Sub-genre of jazz associated with the U.S. West Coast

Cool jazz is a style and genre of modern jazz music inspired by bebop and big band that arose in the United States after World War II. It is characterized by relaxed tempos and a lighter tone than that used in the fast and complex bebop style. Cool jazz often employs formal arrangements and incorporates elements of classical music. Broadly, the genre refers to a number of post-war jazz styles employing a more subdued approach than that of contemporaneous jazz idioms. As Paul Tanner, Maurice Gerow, and David Megill suggest, "the tonal sonorities of these conservative players could be compared to pastel colors, while the solos of [[Dizzy Gillespie|[Dizzy] Gillespie]] and his followers could be compared to fiery red colors."

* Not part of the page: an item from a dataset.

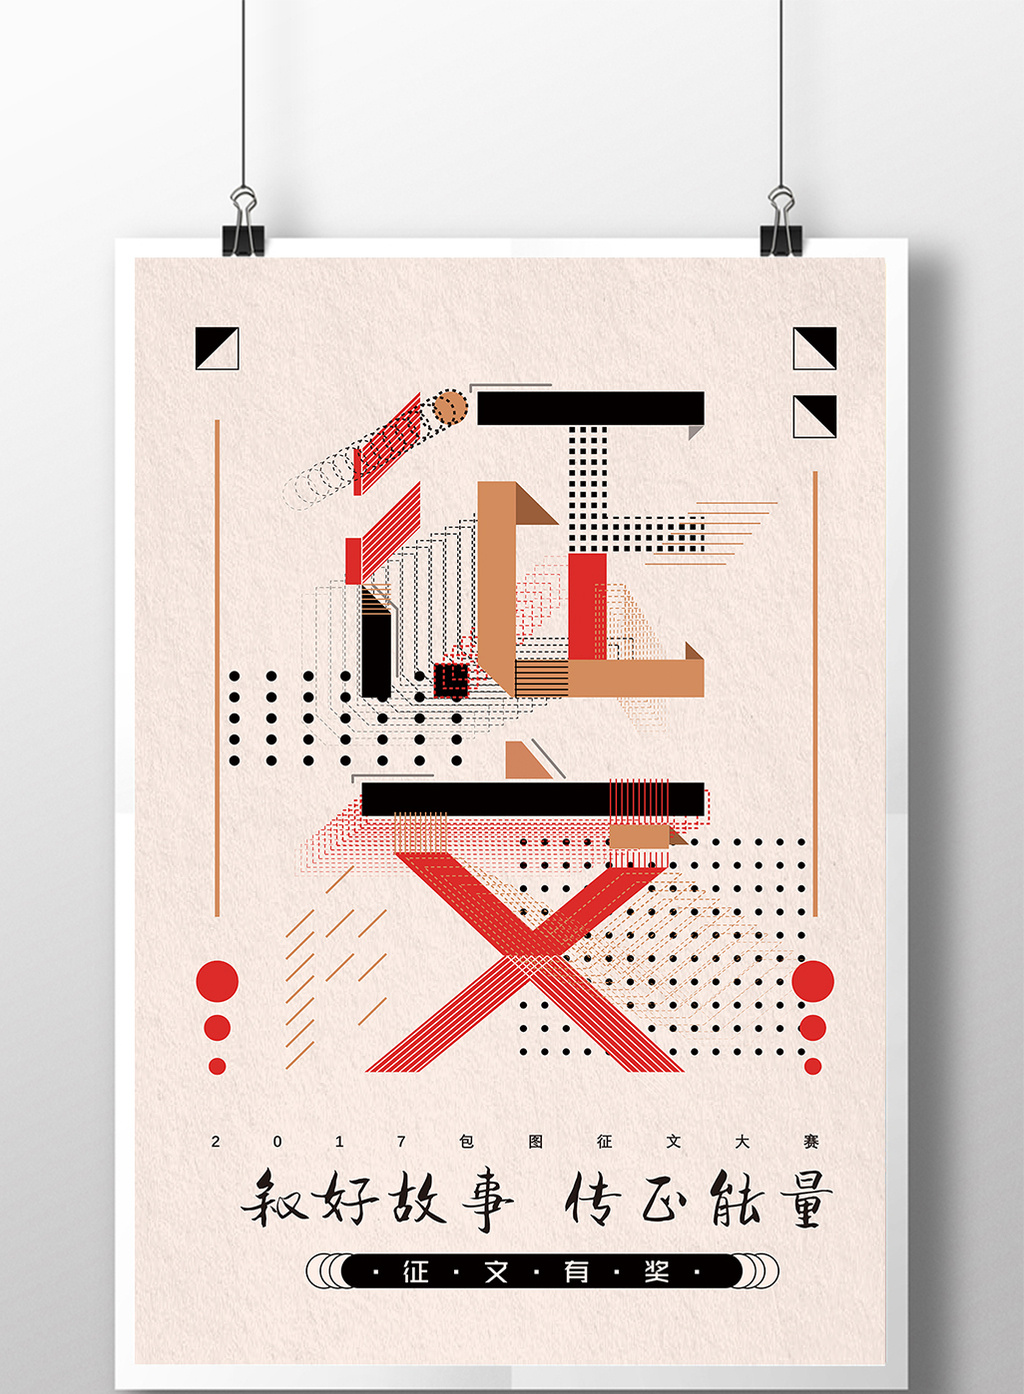 征文几何图形风格创意海报设计素材免费下载,本次作品主题是广告设计

The term cool started being applied to this music around 1953, when Capitol Records released the album Classics in Jazz: Cool and Quiet. Mark C. Gridley, writing in the All Music Guide to Jazz, identifies four overlapping sub-categories of cool jazz:

1. "Soft variants of bebop," including the Miles Davis recordings that constitute Birth of the Cool; the complete works of the Modern Jazz Quartet; the output of Gerry Mulligan, especially his work with Chet Baker and Bob Brookmeyer; the music of Stan Kenton's sidemen during the late 1940s through the 1950s; and the works of George Shearing and Stan Getz.
2. The output of modern players who eschewed bebop in favor of advanced swing-era developments, including Lennie Tristano, Lee Konitz, and Warne Marsh; Dave Brubeck and Paul Desmond; and performers such as Jimmy Giuffre and Dave Pell who were influenced by Count Basie and Lester Young's small-group music.
3. Musicians from either of the previous categories who were active in California from the 1940s through the 1960s, developing what came to be known as West Coast jazz.
4. "Exploratory music with a subdued effect by Teddy Charles, Chico Hamilton, John LaPorta, and their colleagues during the 1950s."

== Characteristics ==
Cool jazz emerged as a reaction to bop, and is characterized by more moderate tempos and "a more reflective attitude".
Ted Gioia and Lee Konitz have each identified cornetist Bix Beiderbecke and saxophonist Frankie Trumbauer as early progenitors of the cool aesthetic in jazz. Gioia cites Beiderbecke's softening of jazz's strong rhythmic impact in favor of maintaining melodic flow, while also employing complex techniques such as unusual harmonies and whole tone scales. Trumbauer, through "his smooth and seemingly effortless saxophone work," greatly affected tenor saxophonist Lester Young, who prefigured – and influenced – cool jazz more than any other musician.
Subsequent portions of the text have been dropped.